CARE at work: leaders in action

Posted by on Jun 4, 2018 in Whats-new | 0 comments

Youth care leaders (YCL) Scott Waters and Kiel Smith have very recently completed CARE training (Children And Residential Experiences: Creating Conditions for Change), but they may have a head start – they’ve already been incorporating the CARE principles in the roles for many years at the agency. Especially when it comes to relationships.

The agency has recently begun implementing the residential program model developed by Cornell University to our existing framework to improves our services for clients.

“I wanted to work at Ranch Ehrlo because I wanted to help kids,” said Kiel simply.

Scott, too, has always wanted a hands-on role with the youth. Scott spent just over a year in the role of unit manager but returned to YCL position due to wanting to work more closely with the kids.

The two of them are of course different but it’s the ways in which they are similar that stand out. The two of them are well-known in in the agency for putting focus on relationship building between themselves and the youth they work with.

“CARE is a bigger picture philosophy that focuses on relationships and building positive attachments with youth. I’ve always believed that’s an important staple when dealing with any children,” Scott said.

Simply put, Scott said, “I just always treat the kids like I would want someone to treat my kids.”

Kiel, too, focuses on letting relationships build naturally by letting the youth in his charge know that he and other staff are safe, and want the best for each youth in their care. Because talking isn’t always the easiest, Kiel and Scott allow the youth to get to know them (and vice versa) by engaging in day-to-day activities, first.

“I don’t push the relationship, obviously I want that to happen naturally. Once I gain some of their trust, they start sharing some of their past with me. I let them know I understand where they come from and what they’ve been through. This way, there’s a trust level built,” Kiel said.

But it doesn’t end there. Once a youth is comfortable with them, Scott and Kiel continue to focus on ensuring the relationship, and a youth’s individual needs, are prioritized in every situation.

“If we flow to them and their needs … then things go a lot smoother on the day-to-day stuff, especially with routines or expectations,” Kiel explained.

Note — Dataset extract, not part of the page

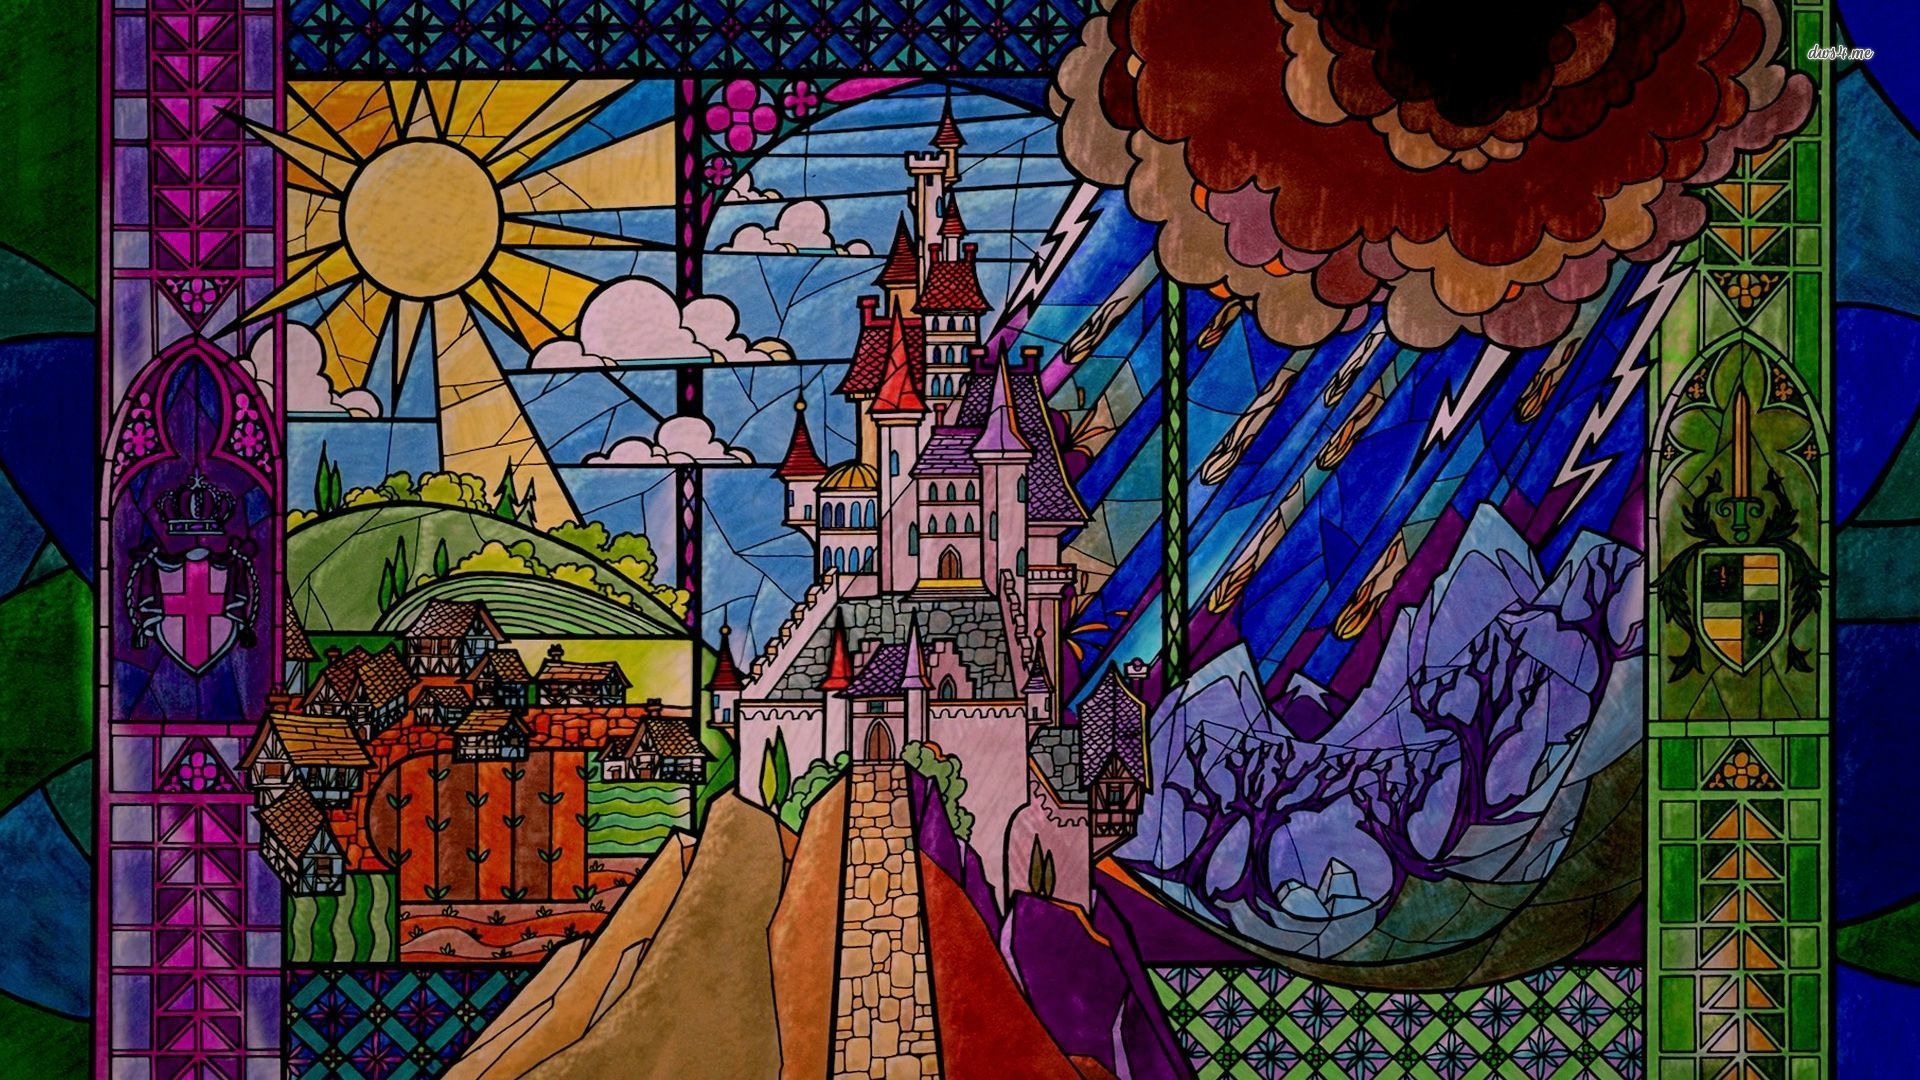 Sleeping Beauty Castle Wallpaper

Humour, too, is an important tool.

“I subscribe to the idea that I should do anything I possibly can – as long as it’s safe – to make the kids laugh or be happy,” Scott said. “I think that keeping kids happy and content allows them to be more receptive to learning opportunities, which can come up organically if you have a good relationship.”

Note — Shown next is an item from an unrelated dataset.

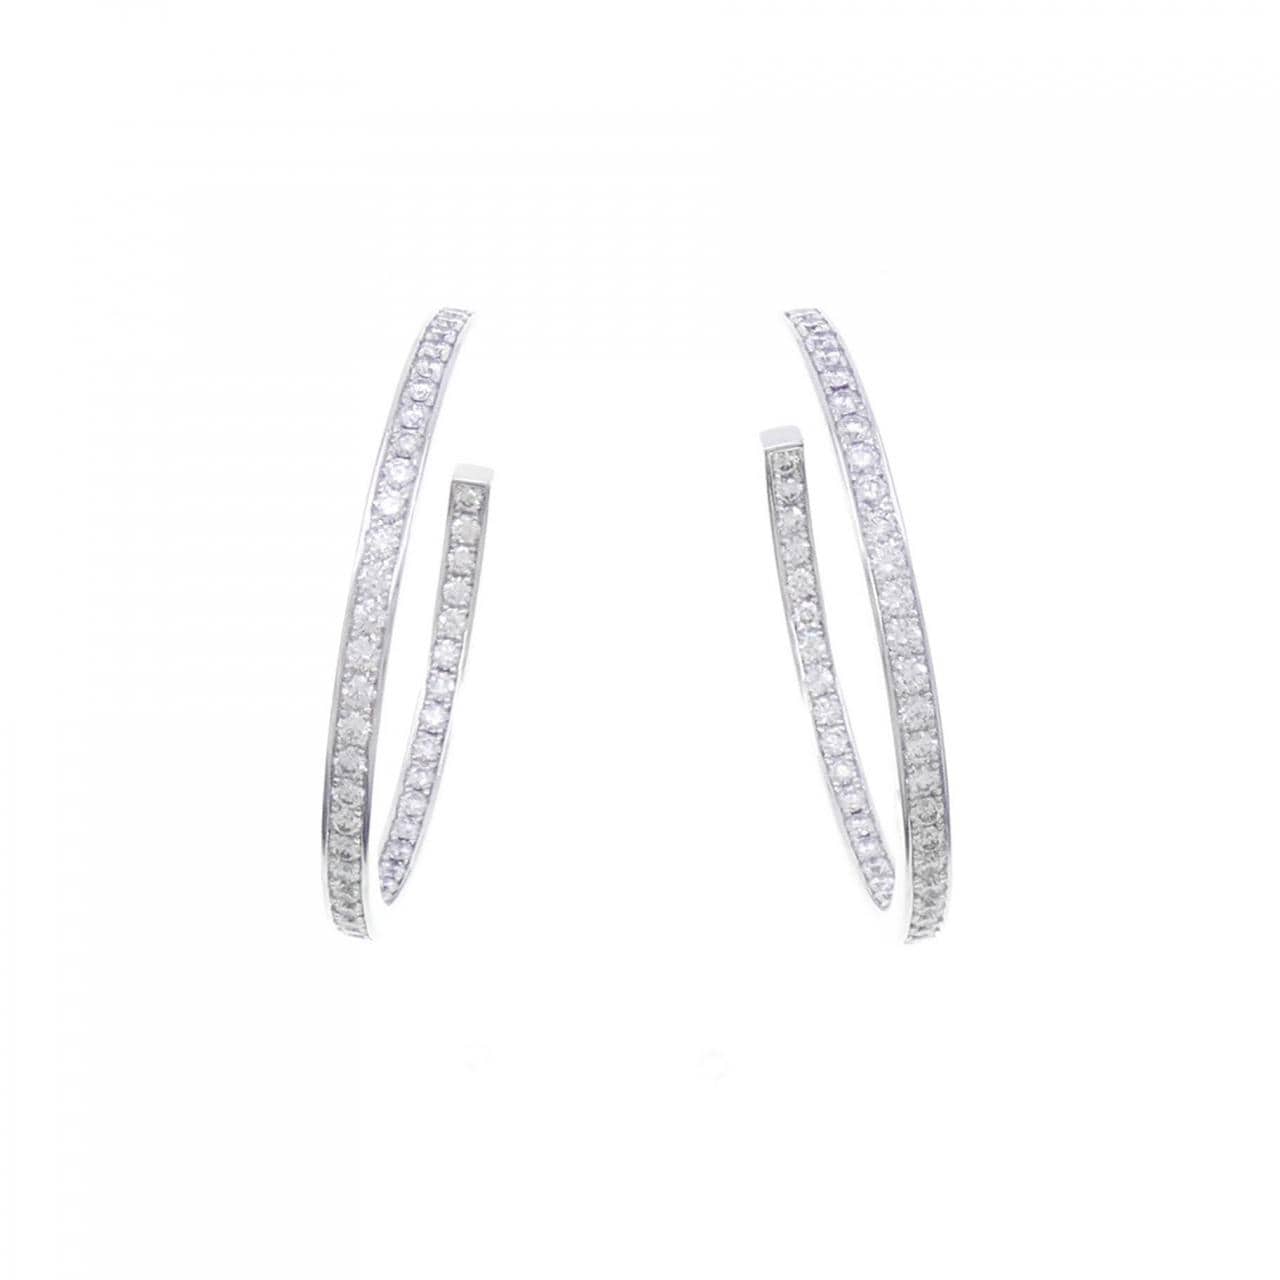 Cartier Diamond earrings

And while the feedback may not be immediate, a supportive relationship such as the ones Kiel and Scott build with the youth in the programs can have a positive impact far down the line in their lives.

“You may not make a difference in ten years – maybe some of them will be in their 20s and 30s by the time something that you’ve said, or done, or shown, is actually going to make a difference for them,” Kiel said. “But that’s the reward – knowing that at some point in time, something may click. The more we show these positives, the better the chances are that we can change someone’s life.”